Но ведь достоянием и достоинством россианства не является исключительно жизнь души или, напротив, исключительно жизнь ума: Россия прославлена и выдающимися артистами, и великими учёными. Вовсе не аналитический характер буддизма способен отпугнуть от него русского человека. Тогда что же: призыв к труду? Но мы, русские, вовсе не ленивы, как ни стараются наши недоброжелатели уверить нас в обратном, попутно обвиняя в бытовой неряшливости, жестокости, нетерпимости, да и вообще во всех смертных грехах. Русский человек не любит только бессмысленных усилий, придания труду характера особой добродетели, показной работы, которую с удовольствием и саботирует.

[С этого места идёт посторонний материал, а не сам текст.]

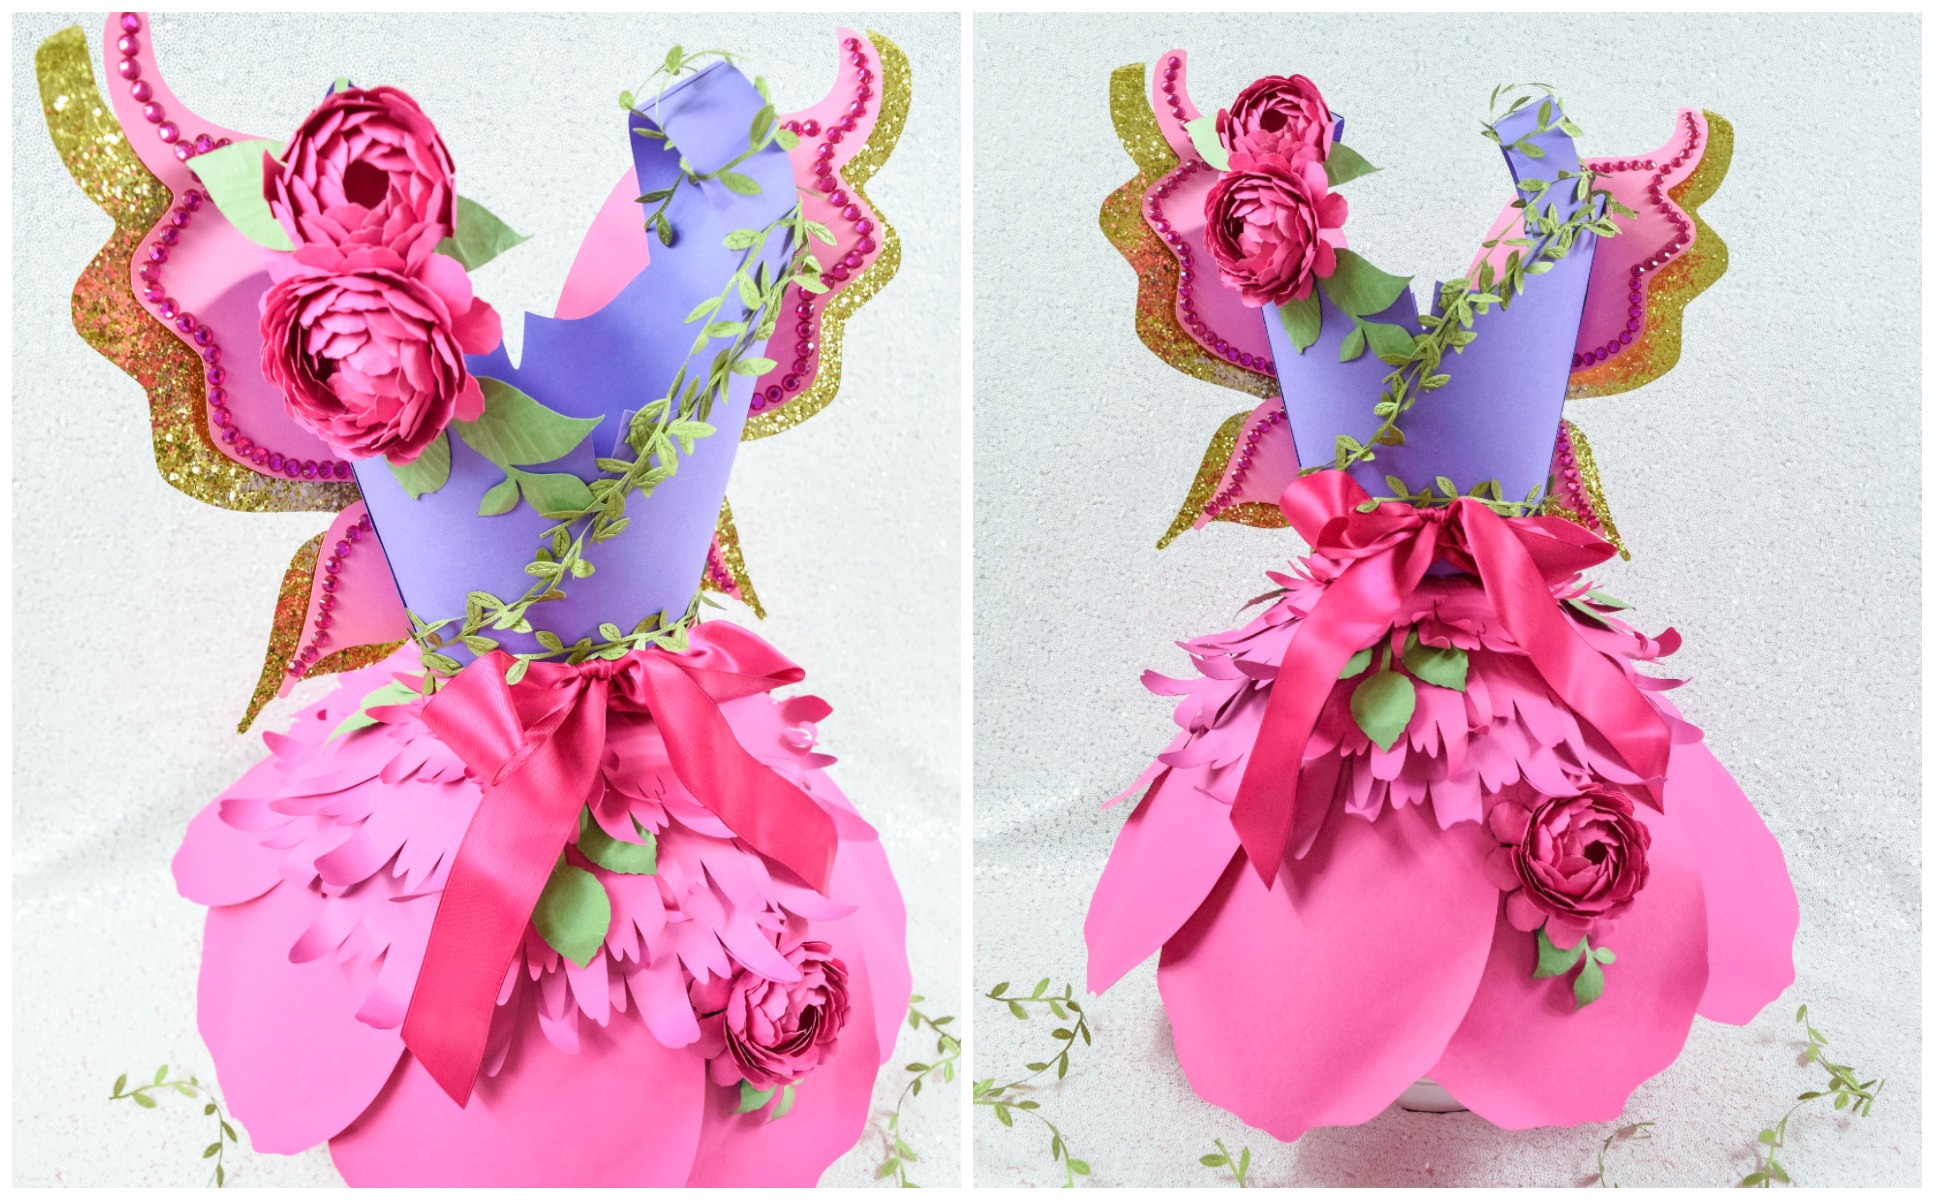 Two side by side images of a fairy themed paper dress, made with pink, blue, and gold paper and decorated with pink paper flowers.

Эстетическая скудость? Буддизму она не свойственна, но правда и в том, что традиционное буддийское художество по своему характеру — совсем не русское. В нём как будто не хватает чего-то, что нам очень важно. Чего же? Поэзии особого рода? Мечтательности? Да, вот оно, странное, но точное слово. Русская культура и, разумеется, русское православие очень мечтательны, это некая особая духовная мечтательность, тонкий аромат, который пропитывает человека с детства. Буддизм же к мечтательности любого рода достаточно безжалостен. А если посмотреть ещё и с другой стороны: не является ли эта мечтательность в иных случаях своего рода болезнью (эту болезнь очень наблюдательно описывает всё тот же Достоевский в «Белых ночах»), не способен ли буддизм лечить эту болезнь подобно горькому снадобью?

Но даже эта беда, эта эстетическая нестыковка поправима (при условии, что мы вообще согласны с надобностью её исправления). Религия в национальном бытовании вырабатывает ту эстетику, которая ближе всего душе народа, также и буддизм вполне способен обзавестись некоей возвышенной мечтательностью, если просуществует внутри россианства достаточно долго. Потенции эти в нём содержатся, как вообще любая великая религия содержит в себе почти безграничные потенции. Вспомним, пожалуй, историю про ламу Тонпу, который расспрашивал своих учеников, что поделывают знакомые ему подвижники. Одни, по свидетельству учеников Тонпы, проповедовали без устали, другие совершали чудеса, а вот некий Кхампа Лунгпа не делал ничего, только постоянно плакал, накрыв голову. Услышав о том и опознав в этом великое подвижничество, Тонпа и сам залился слезами. Это — буддийская, тибетская, но при том в каком-то смысле — очень русская история.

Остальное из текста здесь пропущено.